---------- Dataset excerpt ----------
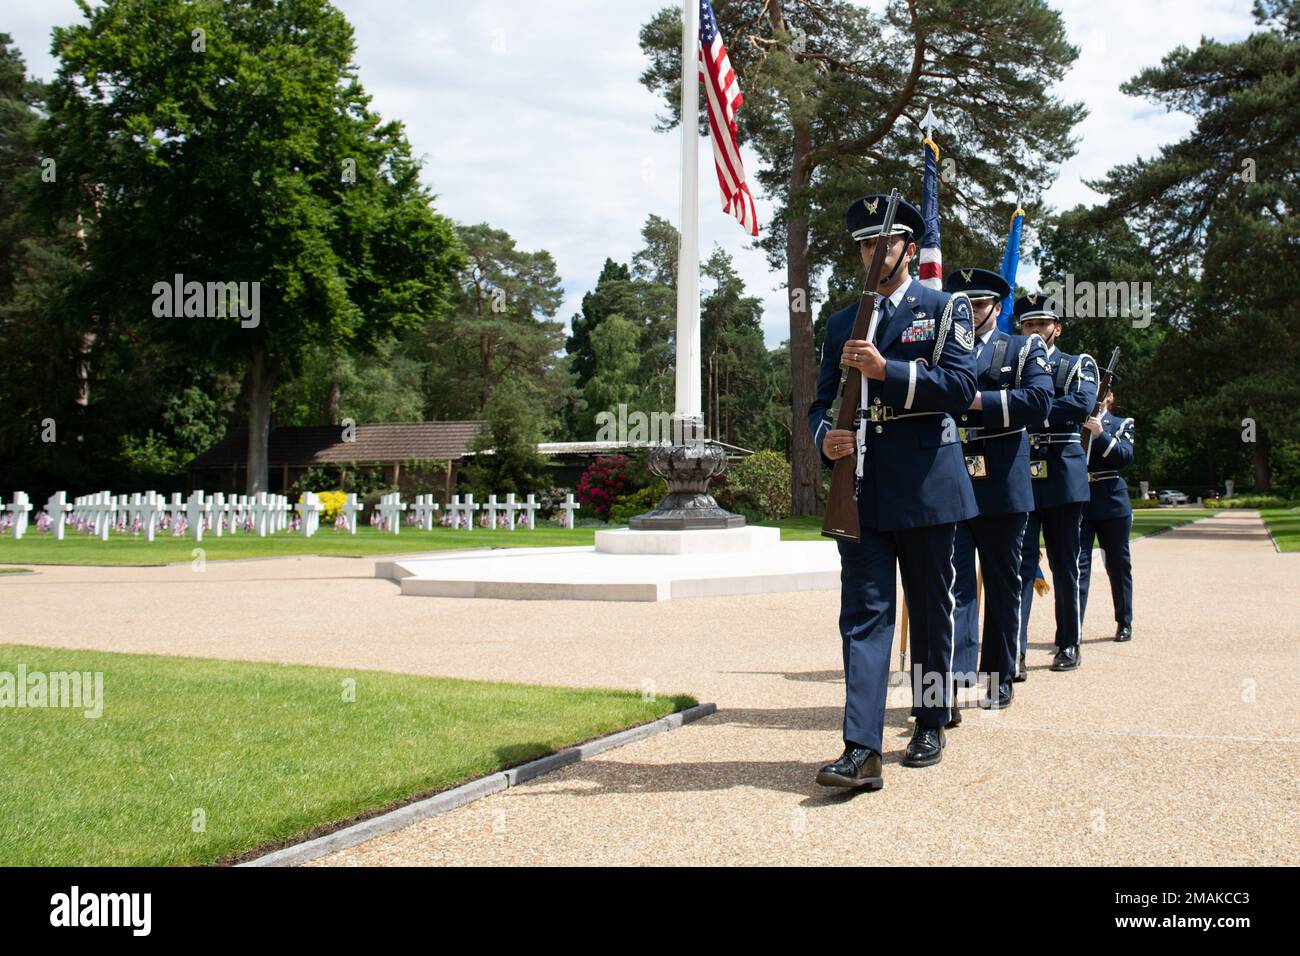 U.S. Air Force Honor Guard from Royal Air Force Croughton prepares to present the colors during a Memorial Day ceremony at the Brookwood American Military Cemetery, England, May 29, 2022. Memorial Day provides us a solemn opportunity to remember our fallen brothers and sisters in arms, reflect upon their courageous sacrifice, and show gratitude for the freedom they gave their lives to defend. It also affords us the opportunity to pay homage to those families who lost their loved ones in service to the Nation-and continue to feel the full weight of that sacrifice today. Stock Photo
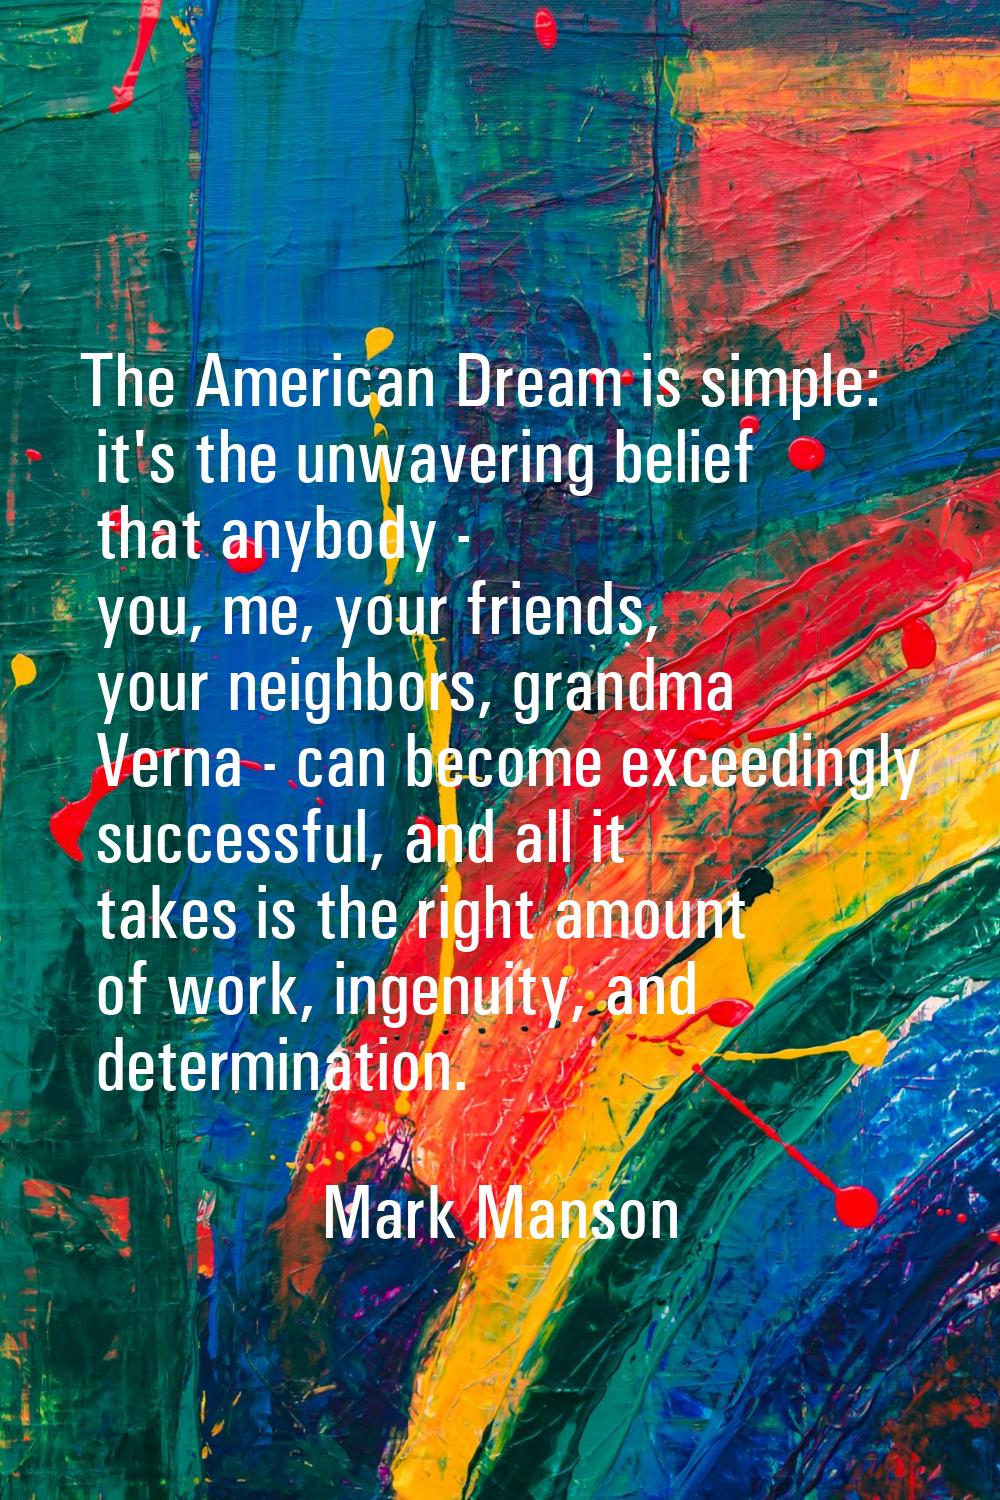 The American Dream is simple: it's the unwavering belief that anybody - you, me, your friends, your
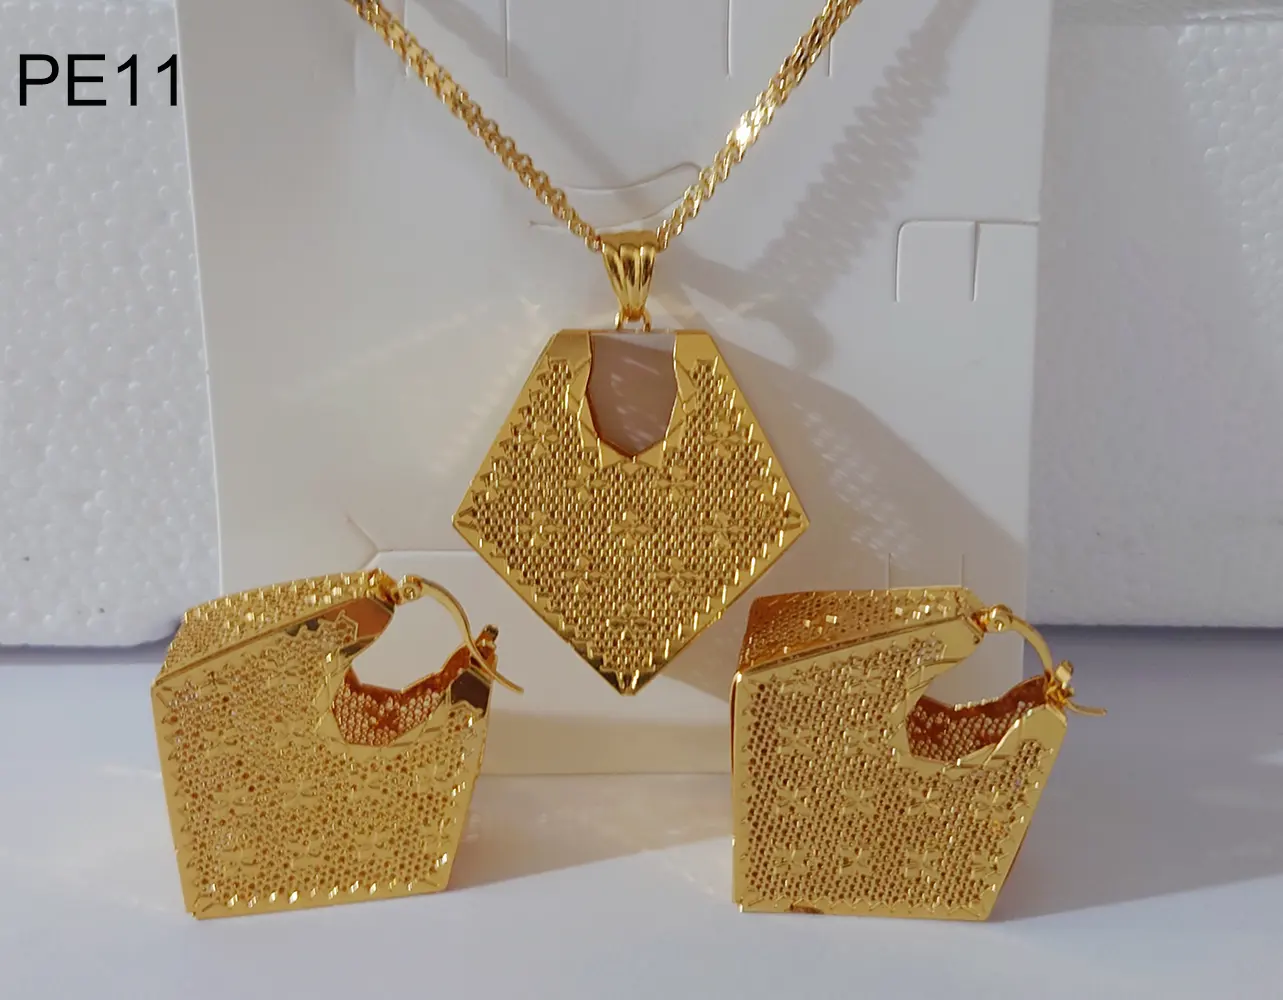 NEW Designs Flower Necklace Earrings Sets Dubai Gold Color 2 Pcs Jewelry Set Perdant African Costume Jewelry Wedding Party Gift
----------
How to complete this task: Working from the lines above, reproduce the material exactly and exclude its pictures.

Answer box:
 U.S. Air Force Honor Guard from Royal Air Force Croughton prepares to present the colors during a Memorial Day ceremony at the Brookwood American Military Cemetery, England, May 29, 2022. Memorial Day provides us a solemn opportunity to remember our fallen brothers and sisters in arms, reflect upon their courageous sacrifice, and show gratitude for the freedom they gave their lives to defend. It also affords us the opportunity to pay homage to those families who lost their loved ones in service to the Nation-and continue to feel the full weight of that sacrifice today. Stock Photo
 The American Dream is simple: it's the unwavering belief that anybody - you, me, your friends, your
 NEW Designs Flower Necklace Earrings Sets Dubai Gold Color 2 Pcs Jewelry Set Perdant African Costume Jewelry Wedding Party Gift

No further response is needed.